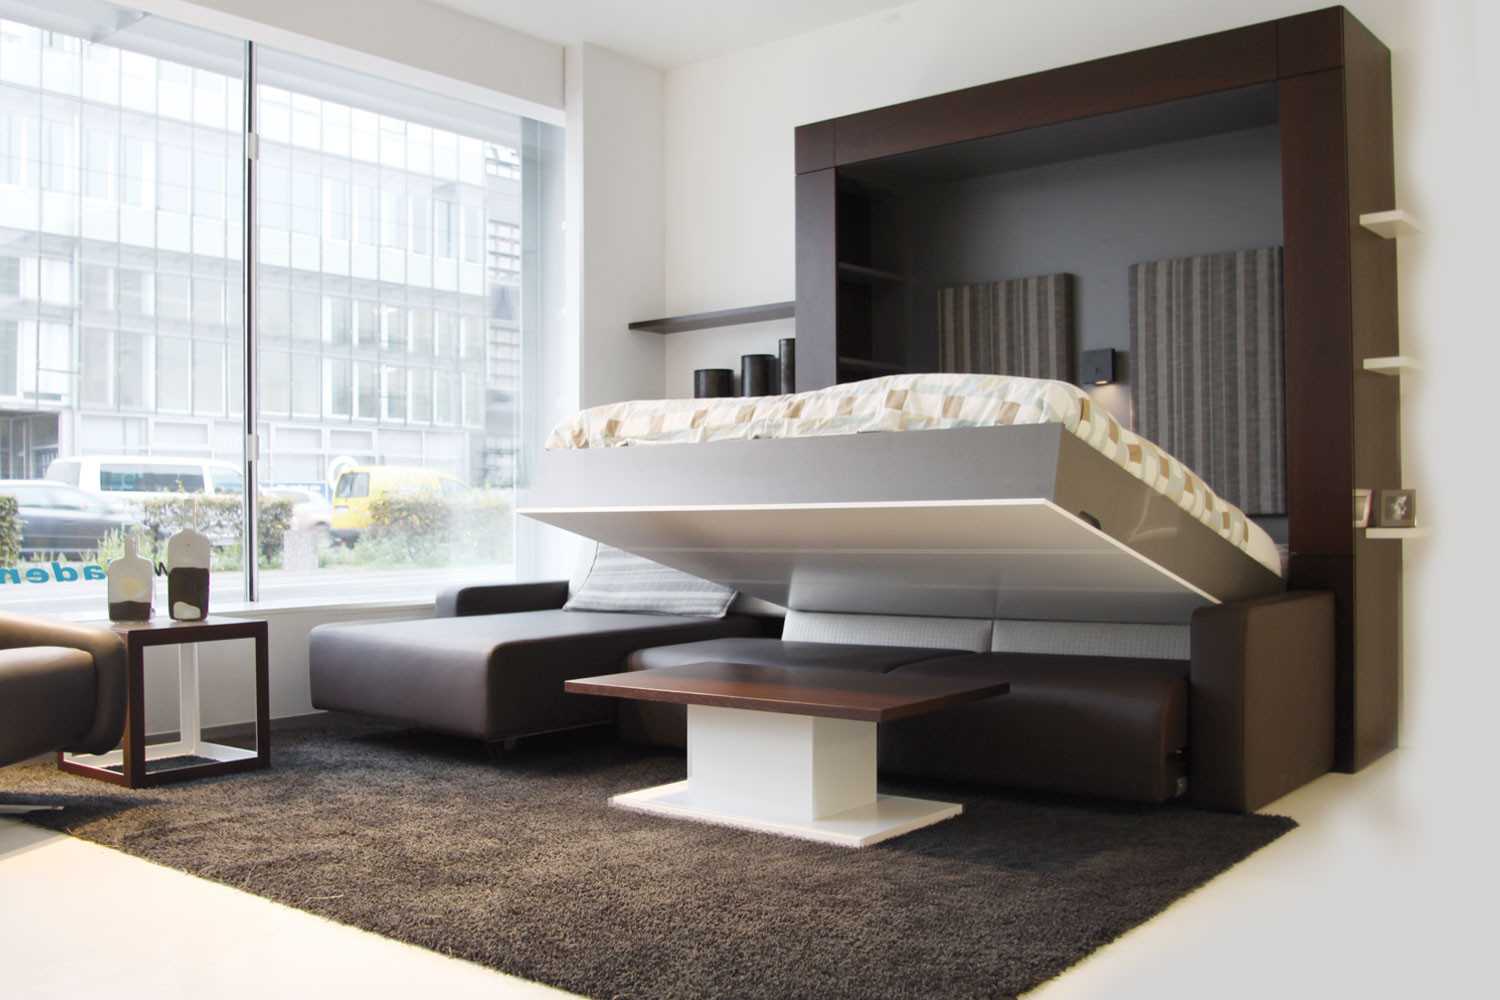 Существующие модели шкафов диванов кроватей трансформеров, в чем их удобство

----

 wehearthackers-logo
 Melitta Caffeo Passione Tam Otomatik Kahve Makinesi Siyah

----

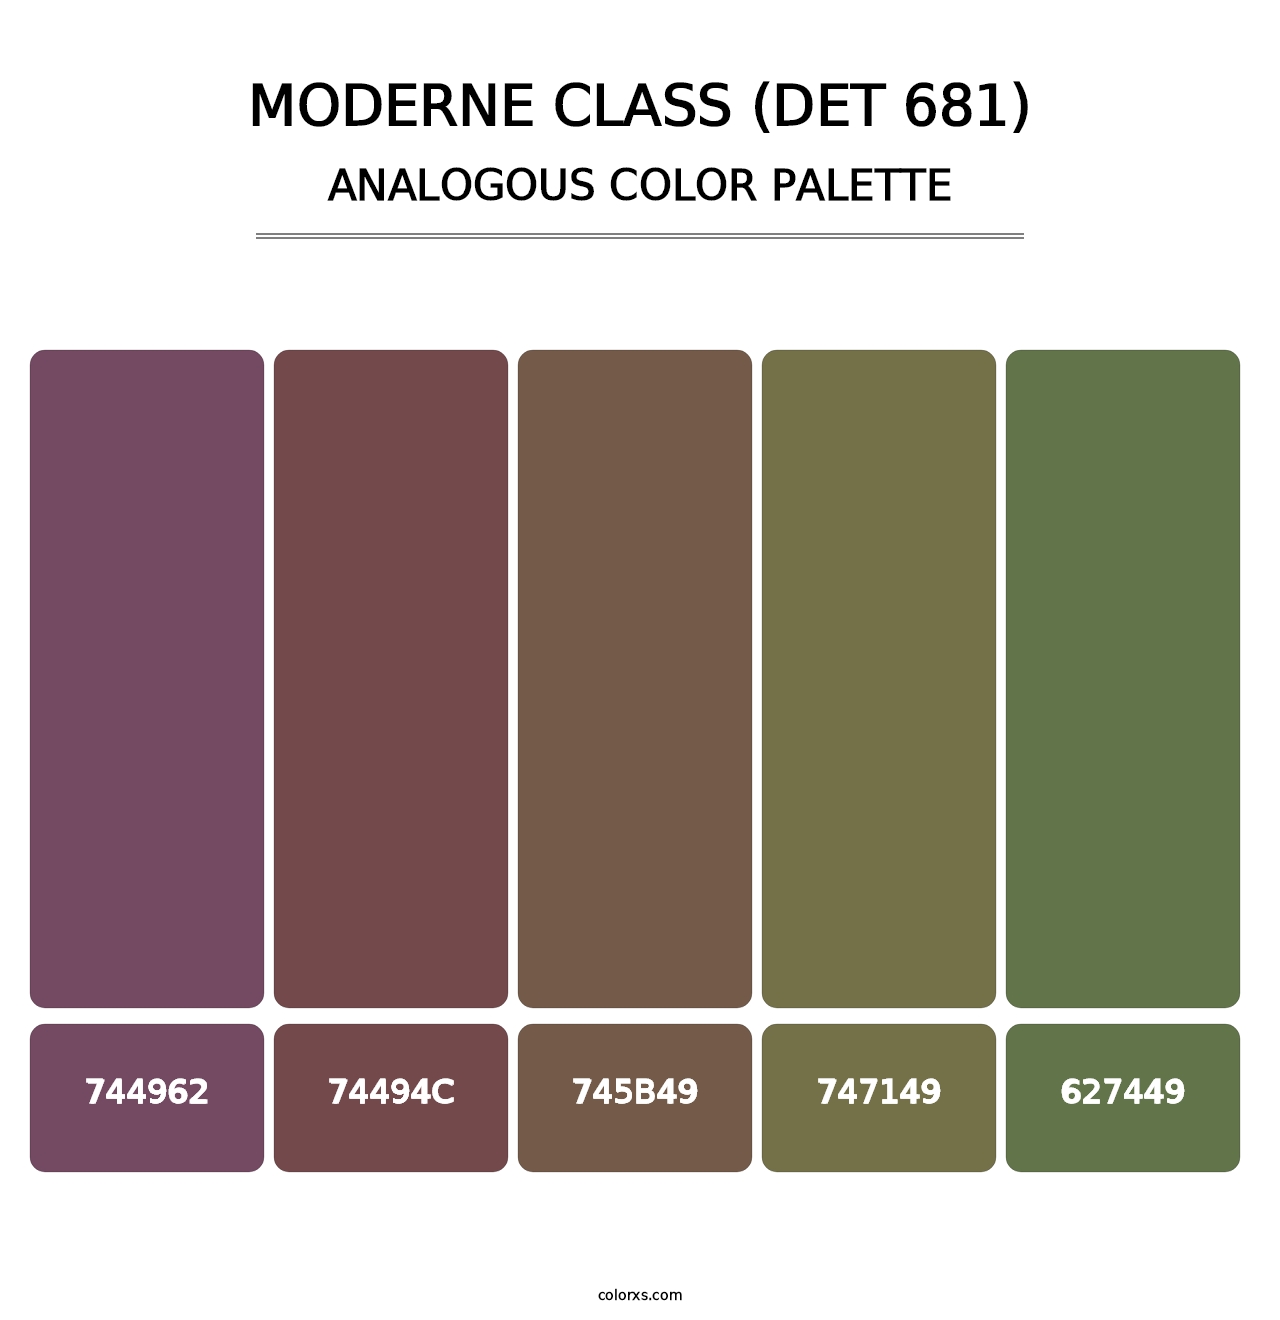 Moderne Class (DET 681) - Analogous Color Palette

----

Your objective | Within the material above, copy exactly the lines from the line that holds "wehearthackers-logo" up to and including the line that holds "Melitta Caffeo Passione".

Final answer |
 wehearthackers-logo
 Melitta Caffeo Passione Tam Otomatik Kahve Makinesi Siyah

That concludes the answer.